- IATA: none; ICAO: KRPB; FAA LID: RPB;

Summary
- Airport type: Public
- Owner: City of Belleville
- Serves: Belleville, Kansas
- Elevation AMSL: 1,537 ft (468 m)
- Coordinates: 39°49′04″N 097°39′35″W﻿ / ﻿39.81778°N 97.65972°W
- Interactive map of Belleville Municipal Airport

Runways
| Direction | Length |  | Surface |
| ft | m |
| 18/36 | 3,507 | 1,069 | Asphalt |
| 14/32 | 1,415 | 431 | Turf |

Statistics (2007)
- Aircraft operations: 7,650
- Based aircraft: 11
- Source: Federal Aviation Administration

= Belleville Municipal Airport =

Belleville Municipal Airport is a city-owned airport a mile west of Belleville, in Republic County, Kansas, United States.
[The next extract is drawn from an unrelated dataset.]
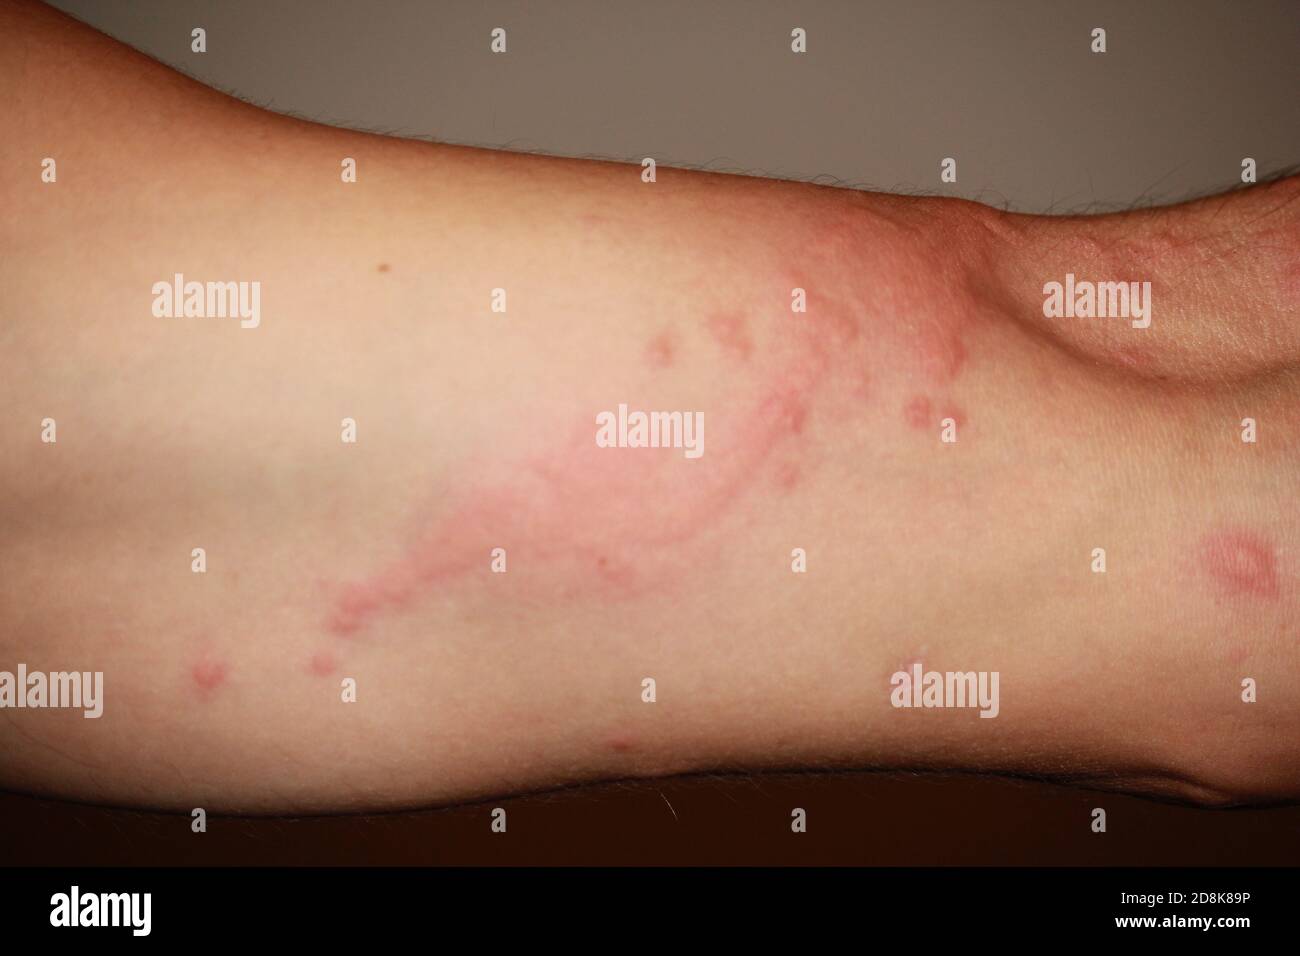 Jelly fish bites on body Stock Photo - Alamy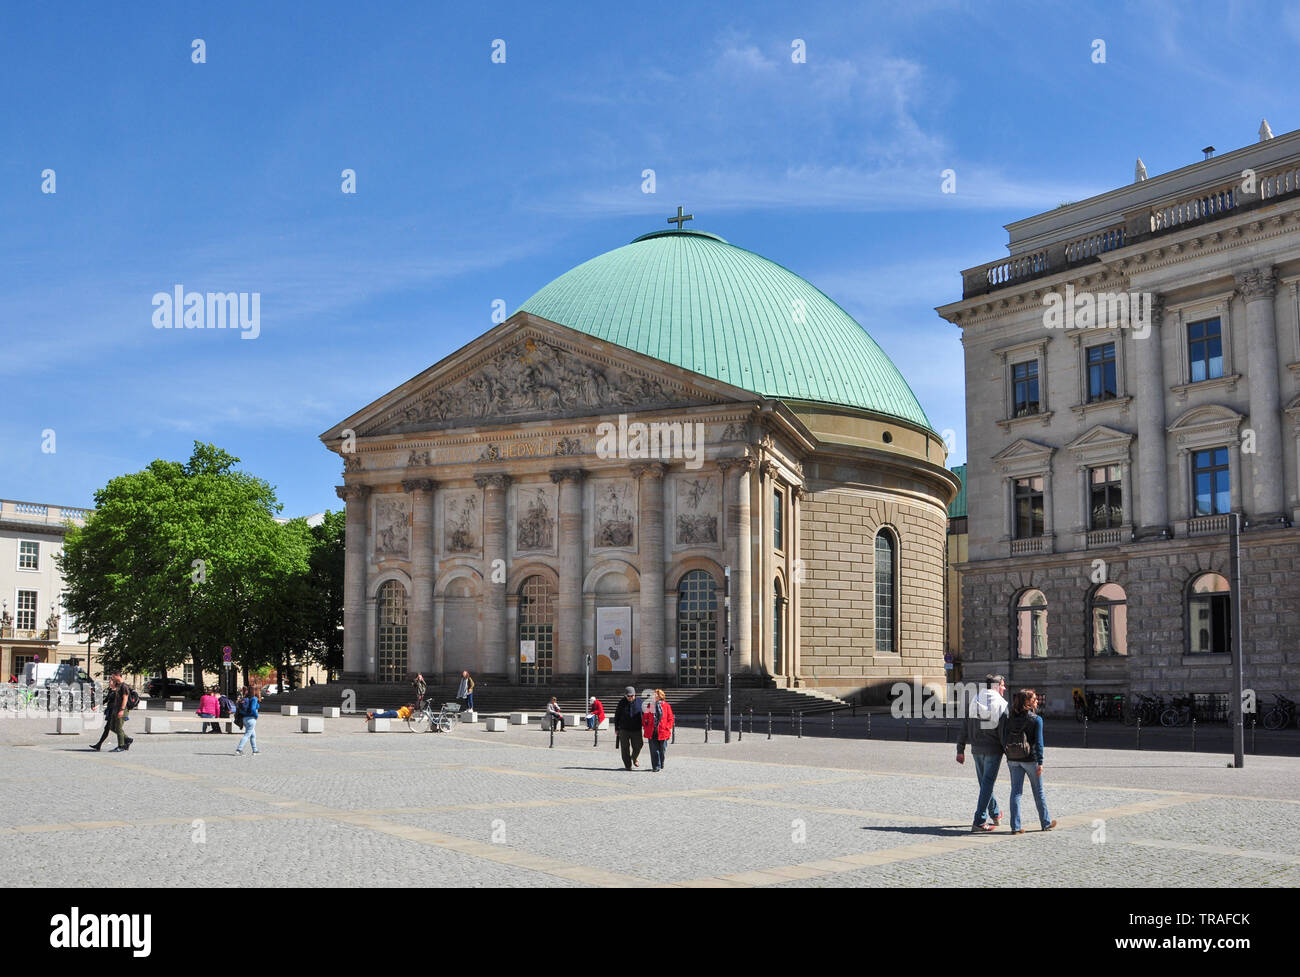 St Hedwig's Cathedral, Bebelplatz, Berlin, Germany, Europe Stock Photo

Most U.S. airports use the same three-letter location identifier for the FAA and IATA, but Belleville is RPB to the FAA and has no IATA code.

== Facilities==
The airport covers 111 acre and has two runways: 18/36 is 3,507 x 60 ft (1,069 x 18 m) asphalt and 14/32 is 1,415 x 100 ft (431 x 30 m) turf.

In the year ending July 24, 2007 the airport had 7,650 aircraft operations, average 20 per day: 99% general aviation and 1% military. Eleven aircraft were then based at the airport: nine single-engine and two ultralight.